Work instruction → From the line containing "Sun charms, sun" down to the last line of the listing, quote everything word for word, and nothing else, keeping pictures out.

Data extract →
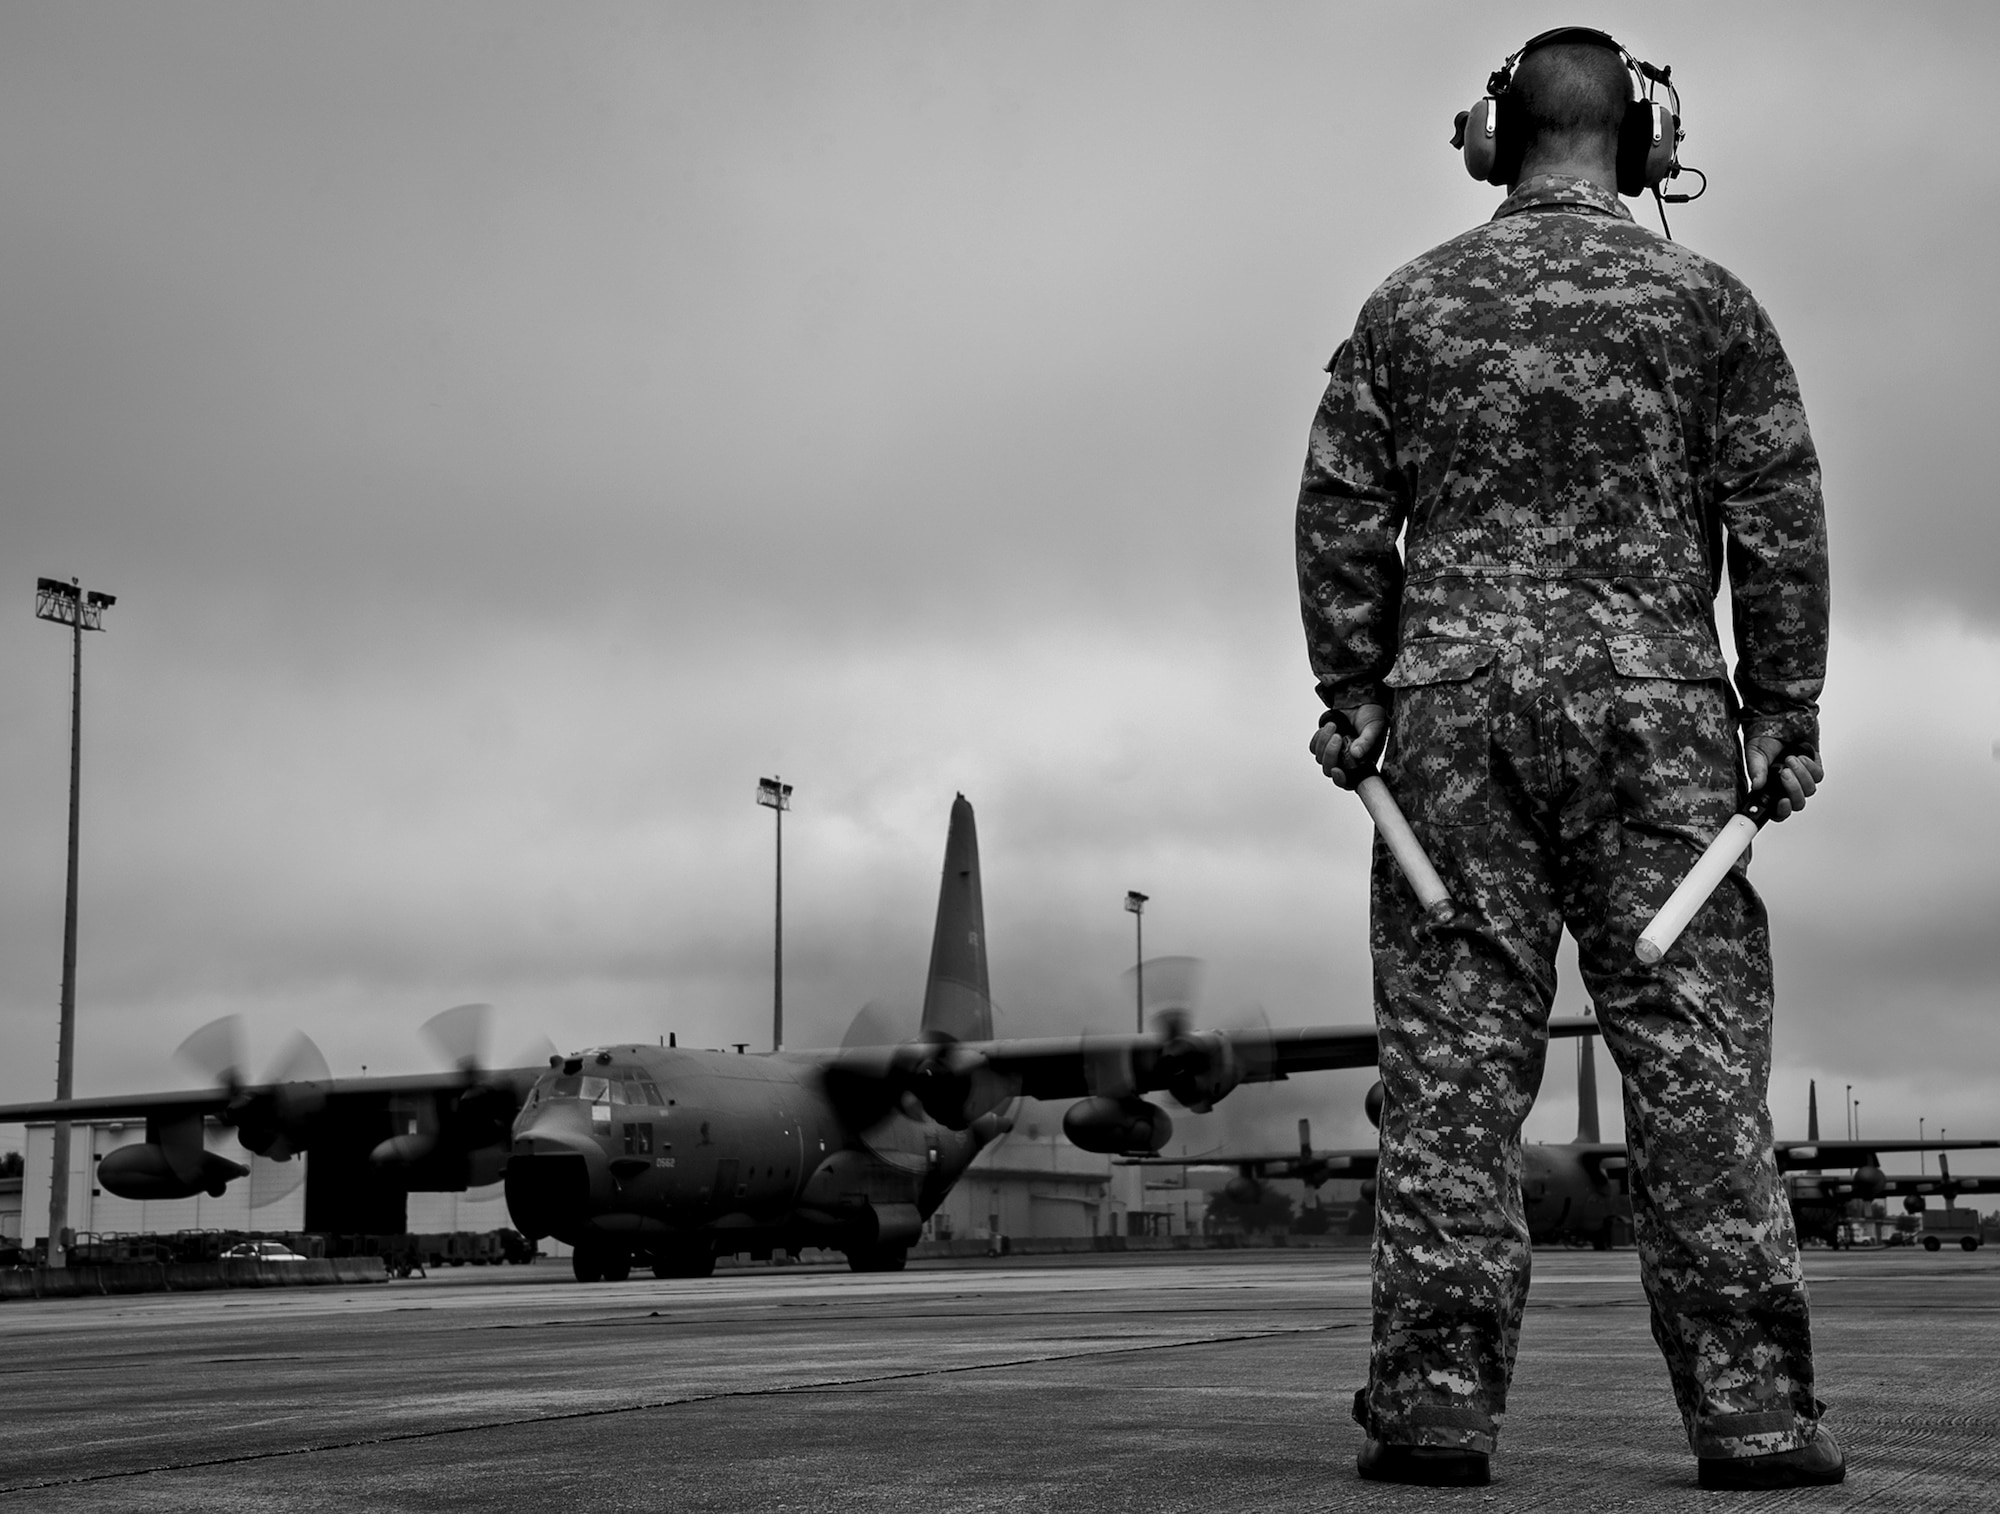 Master Sgt. Robert Hoeft, of the 919th Aircraft Maintenance Squadron, prepares to marshal out an MC-130E Combat Talon I at Duke Field, Fla.  There are only five Talons left at the special operations reserve base.  The 919th has begun remissioning to the Aviation Foreign Internal Defense aircraft, the C-145 Skytruck.  (U.S. Air Force photo/Tech. Sgt. Samuel King Jr.)
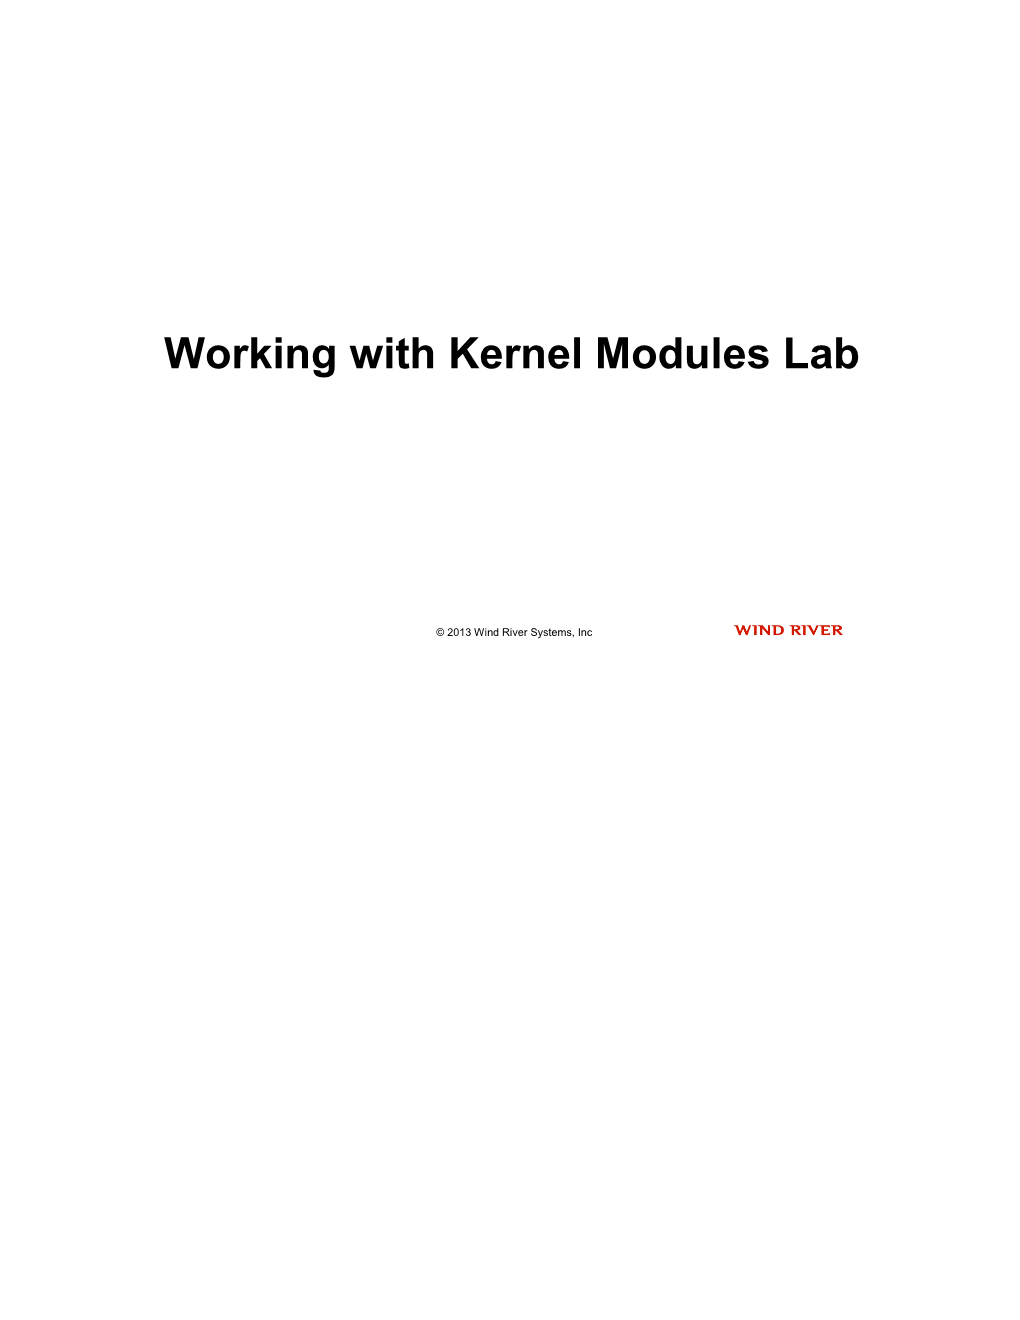 Working with Kernel Modules Lab
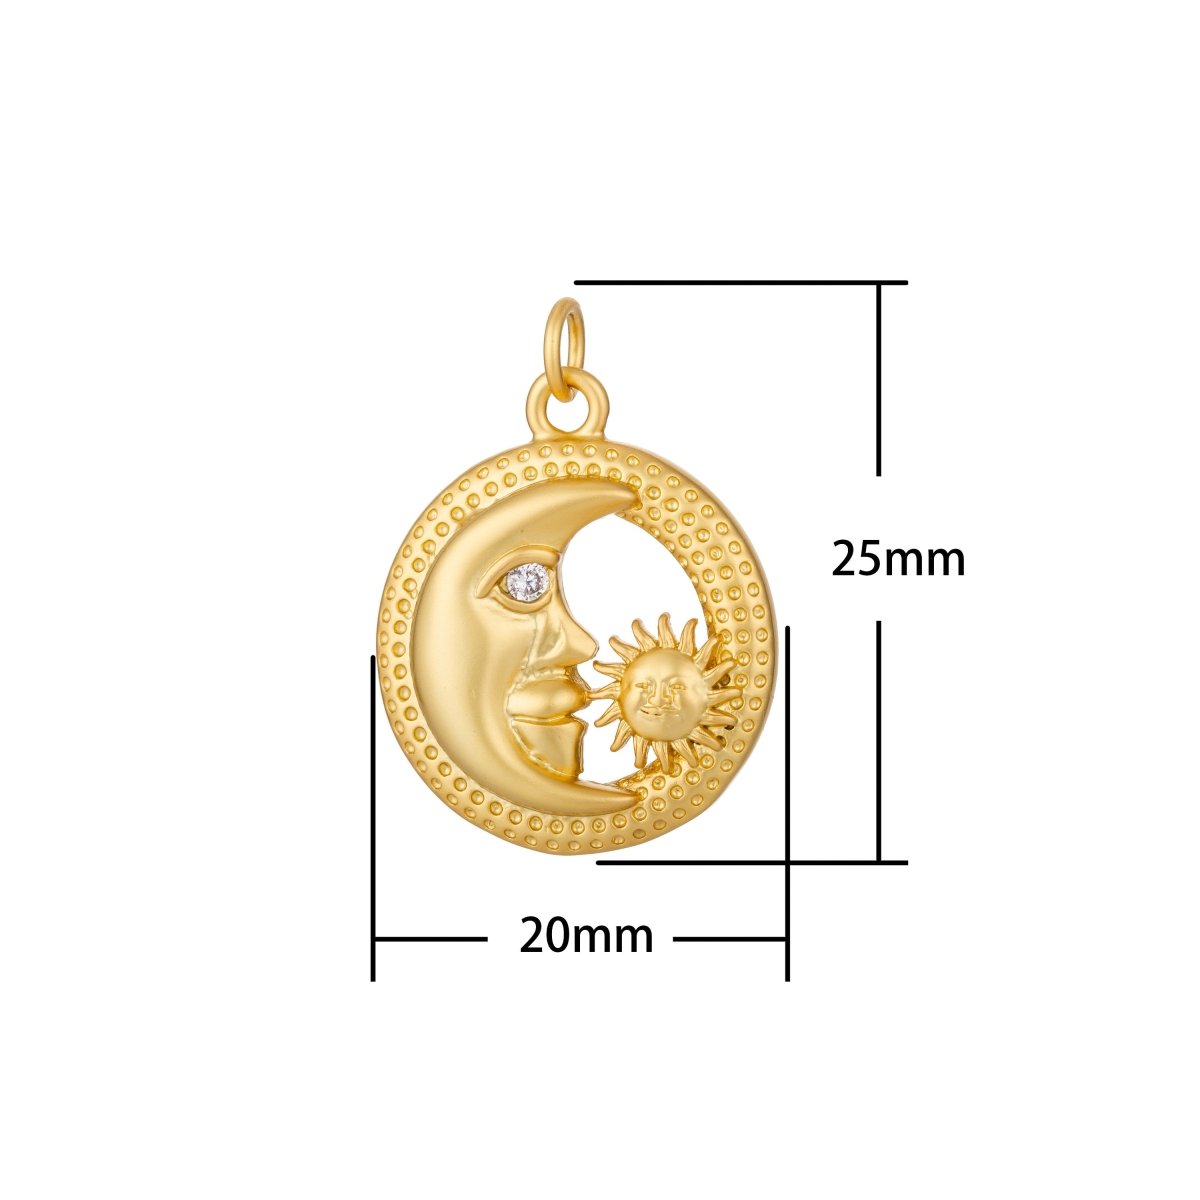 Sun charms, sun and moon Pendant Gold Filled Moon Sun Pendant, Gold Pendant, Dainty Pendant, Celestial Charm Pendant, round pendant, 20mm C-367 - DLUXCA
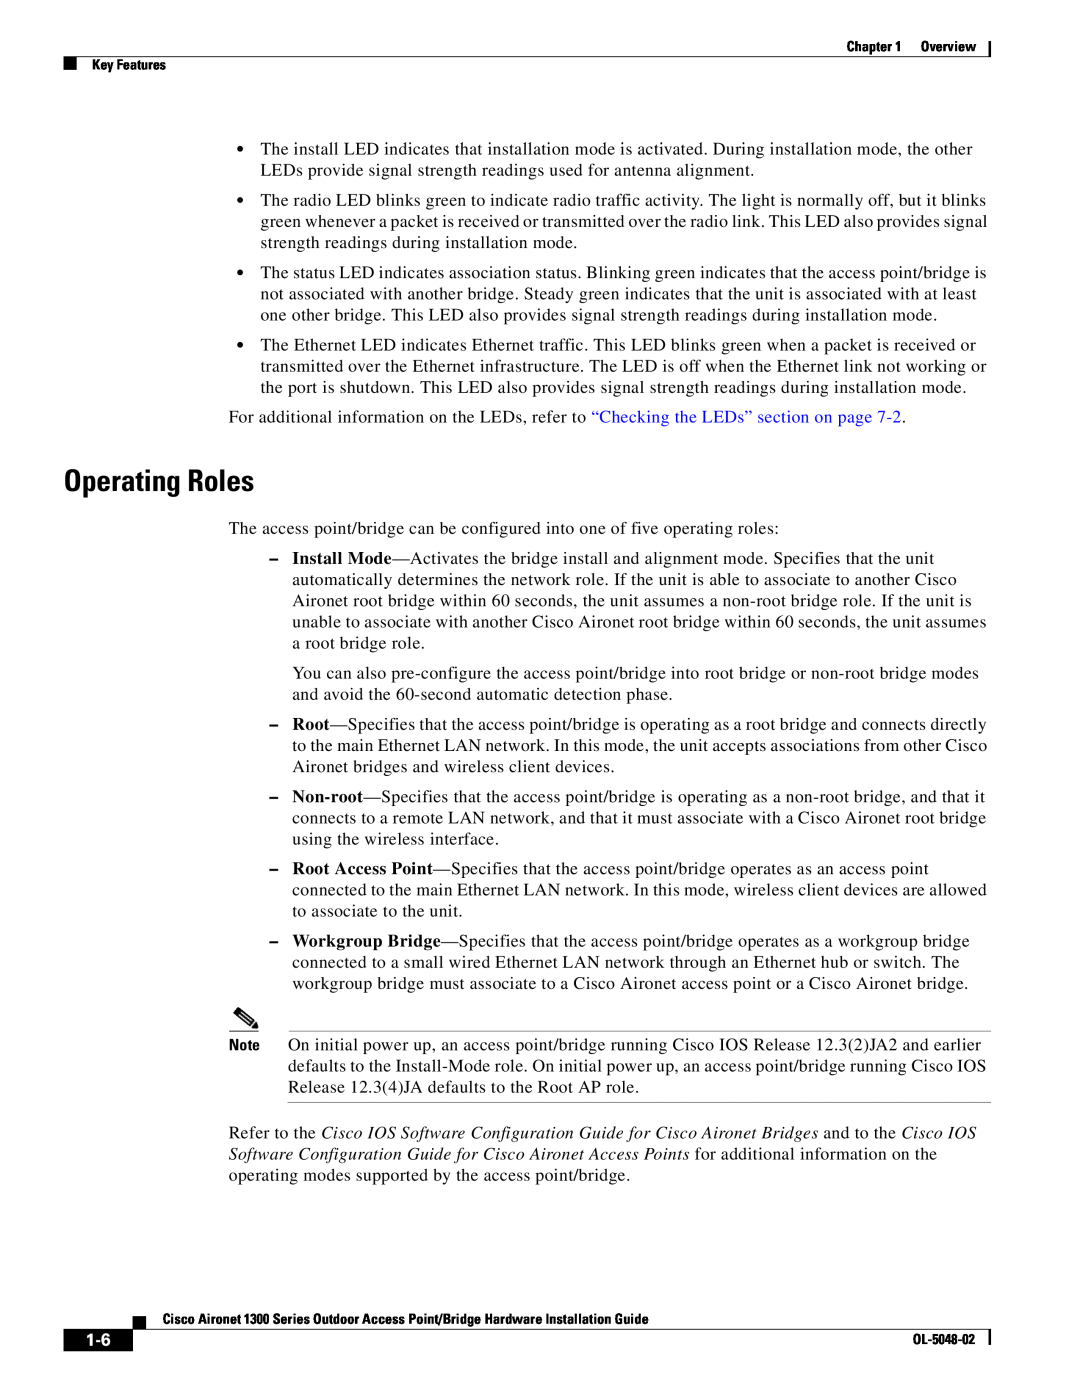 Cisco Systems 1300 Series manual Operating Roles

Response to the exercise →
 Sun charms, sun and moon Pendant Gold Filled Moon Sun Pendant, Gold Pendant, Dainty Pendant, Celestial Charm Pendant, round pendant, 20mm C-367 - DLUXCA
 Cisco Systems 1300 Series manual Operating Roles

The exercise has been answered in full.